## [PROVIDED RECORDS]
******
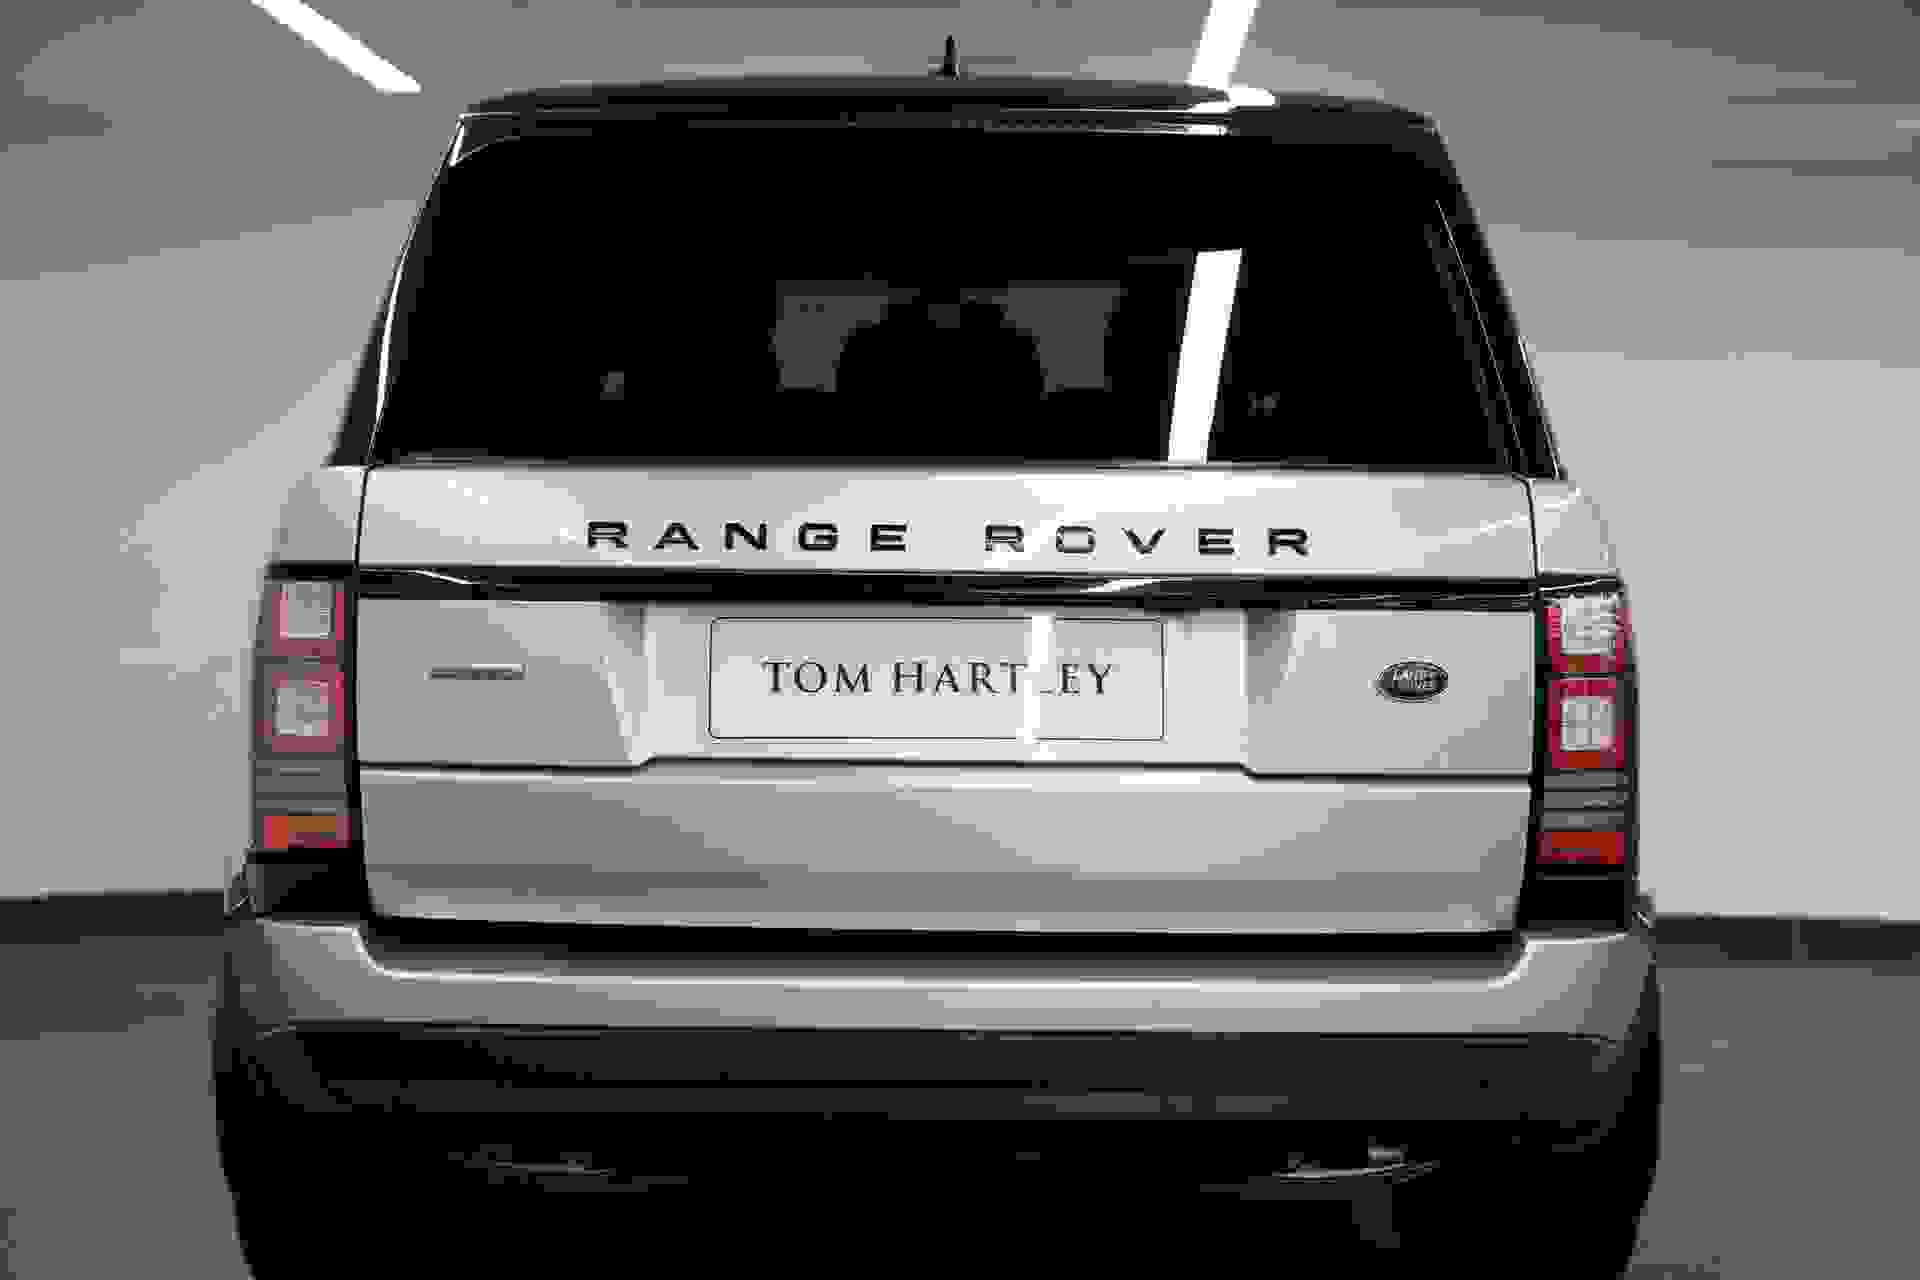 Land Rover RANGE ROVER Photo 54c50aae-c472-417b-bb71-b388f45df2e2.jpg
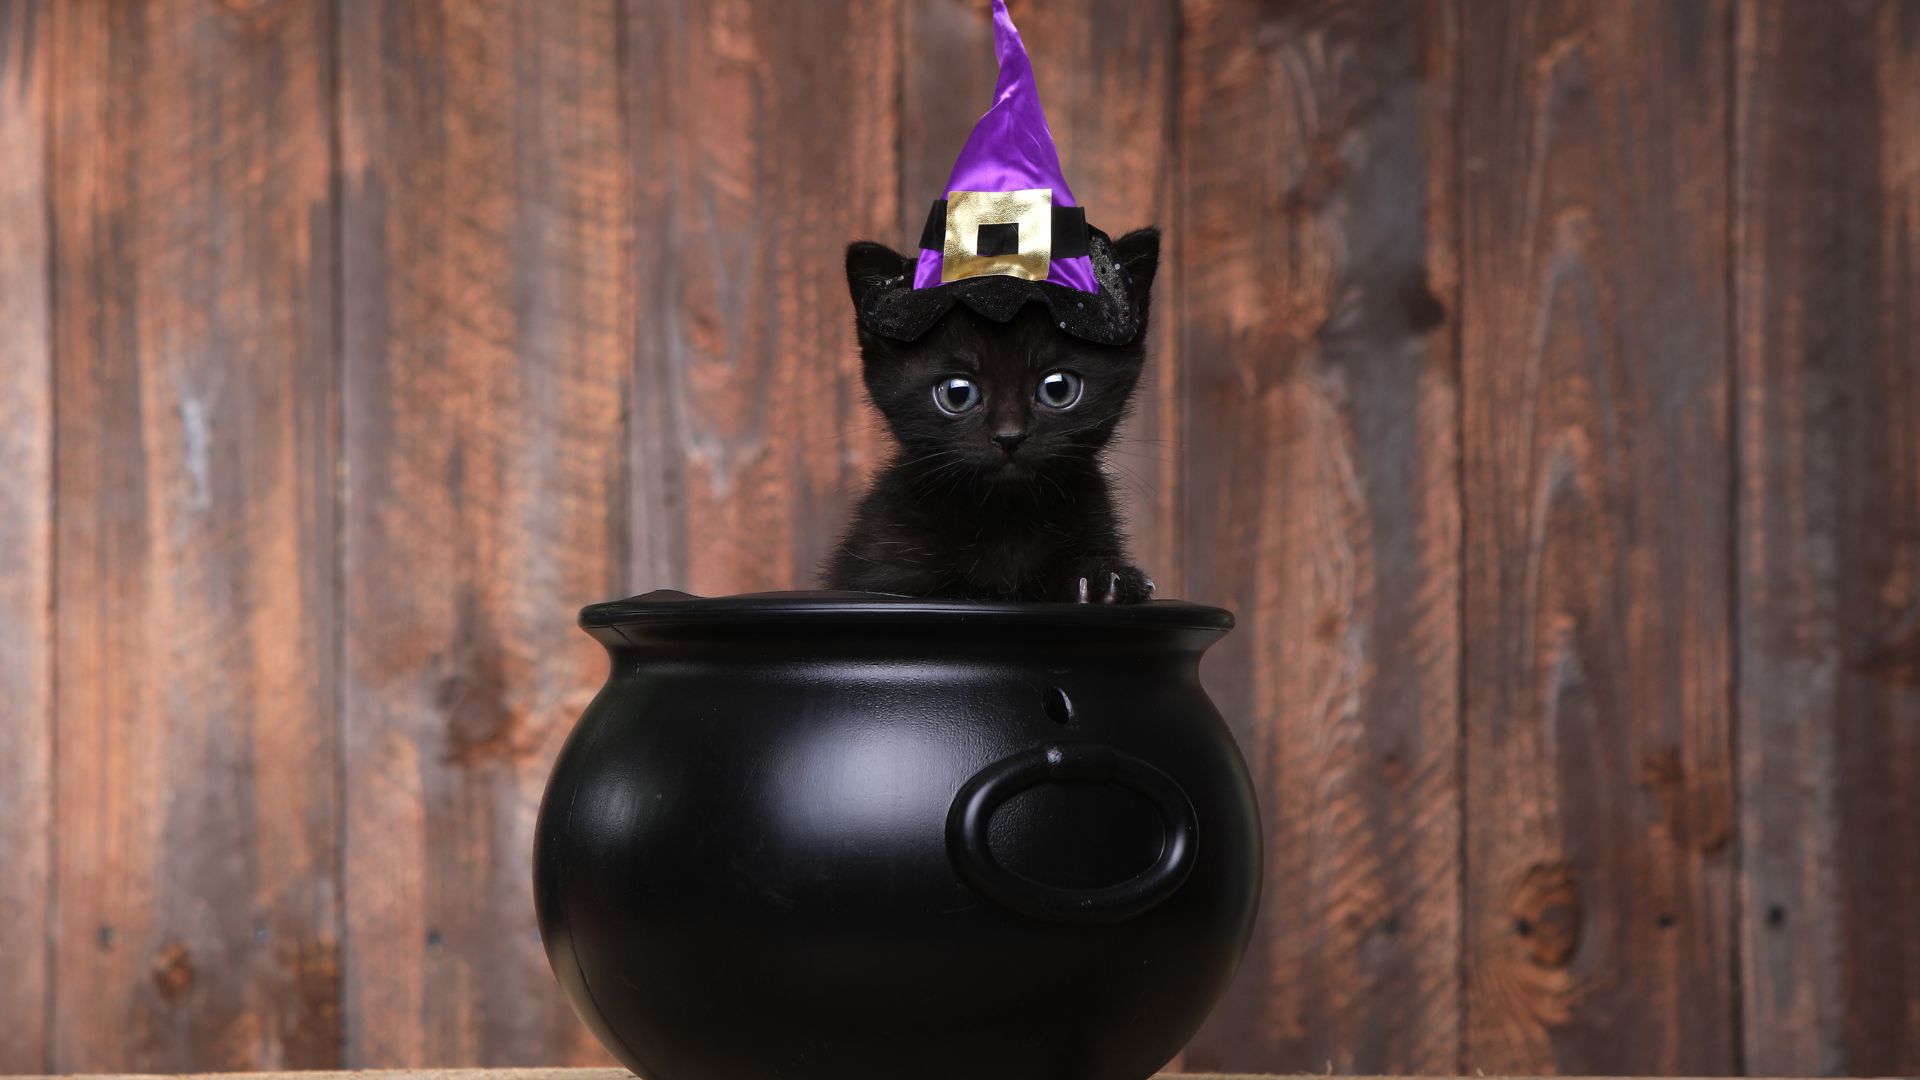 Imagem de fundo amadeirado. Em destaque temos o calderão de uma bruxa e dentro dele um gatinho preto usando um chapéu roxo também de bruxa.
******
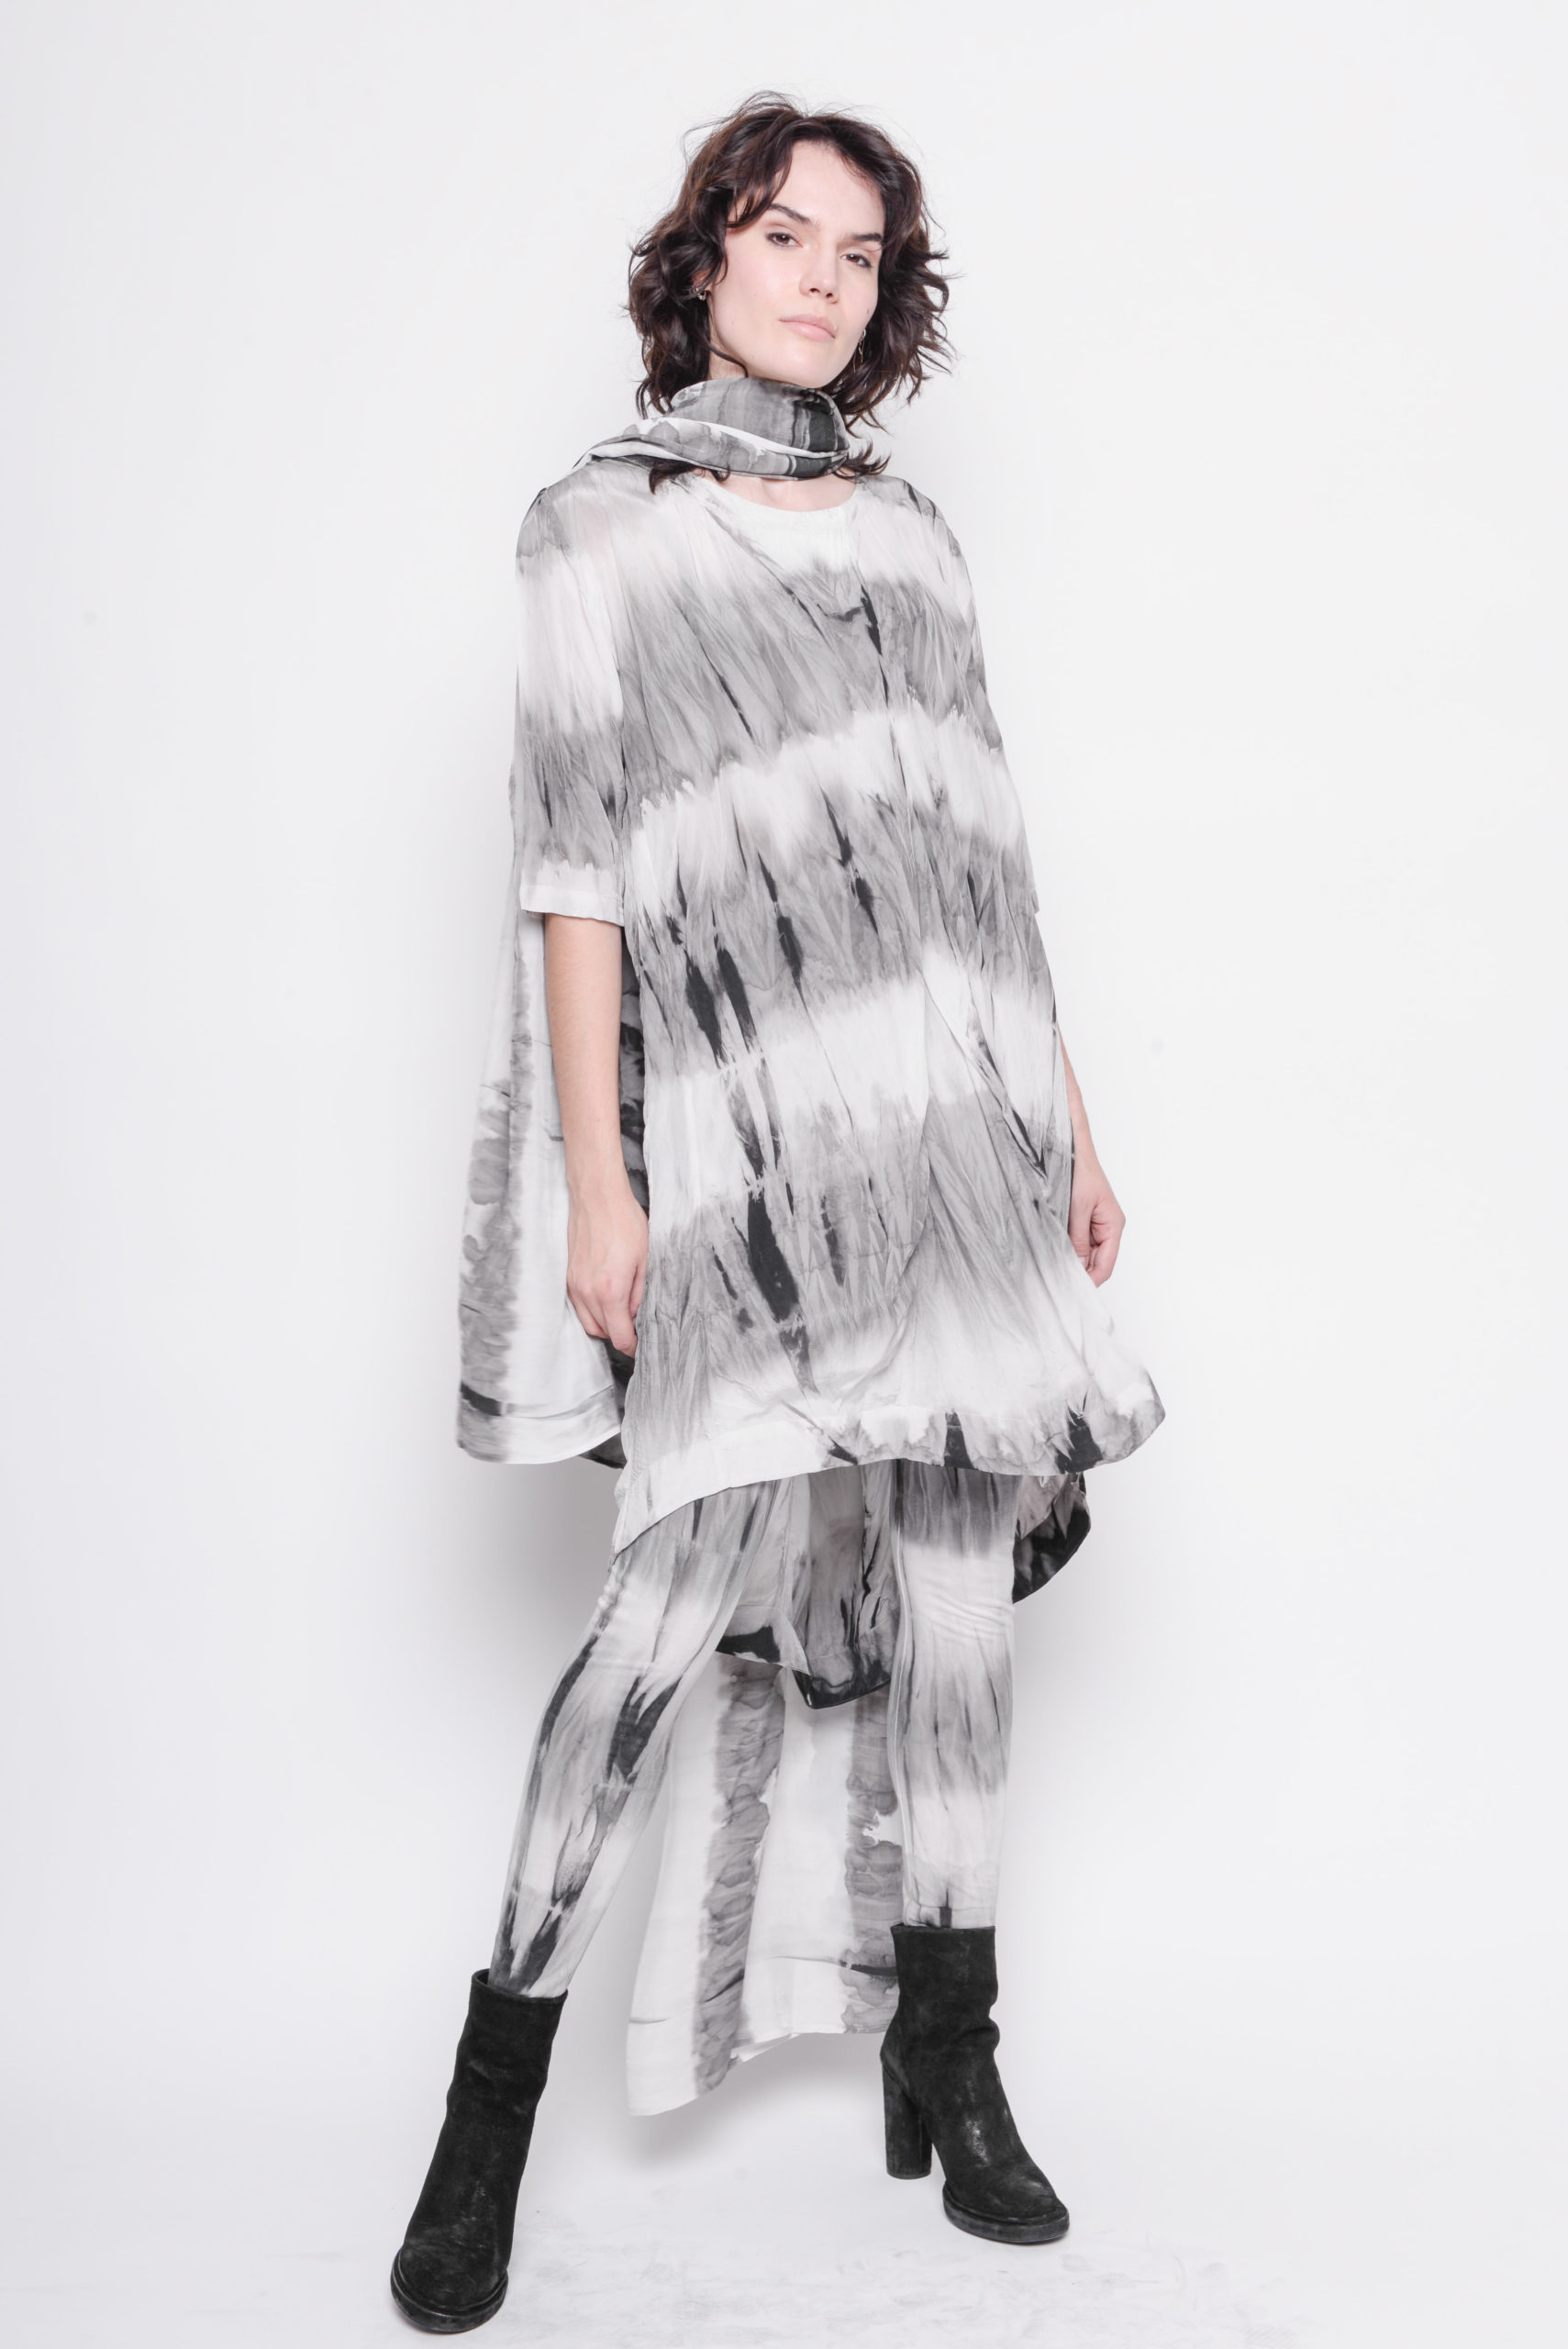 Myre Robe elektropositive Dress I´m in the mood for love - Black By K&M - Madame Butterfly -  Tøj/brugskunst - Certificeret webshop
******
## [PROBLEM TO WORK ON]
Reproduce the lines above beginning at the line that contains "Land Rover RANGE" and ending at the line that contains "Imagem de fundo". No pictures.

## [SOLVED PROBLEM]
 Land Rover RANGE ROVER Photo 54c50aae-c472-417b-bb71-b388f45df2e2.jpg
 Imagem de fundo amadeirado. Em destaque temos o calderão de uma bruxa e dentro dele um gatinho preto usando um chapéu roxo também de bruxa.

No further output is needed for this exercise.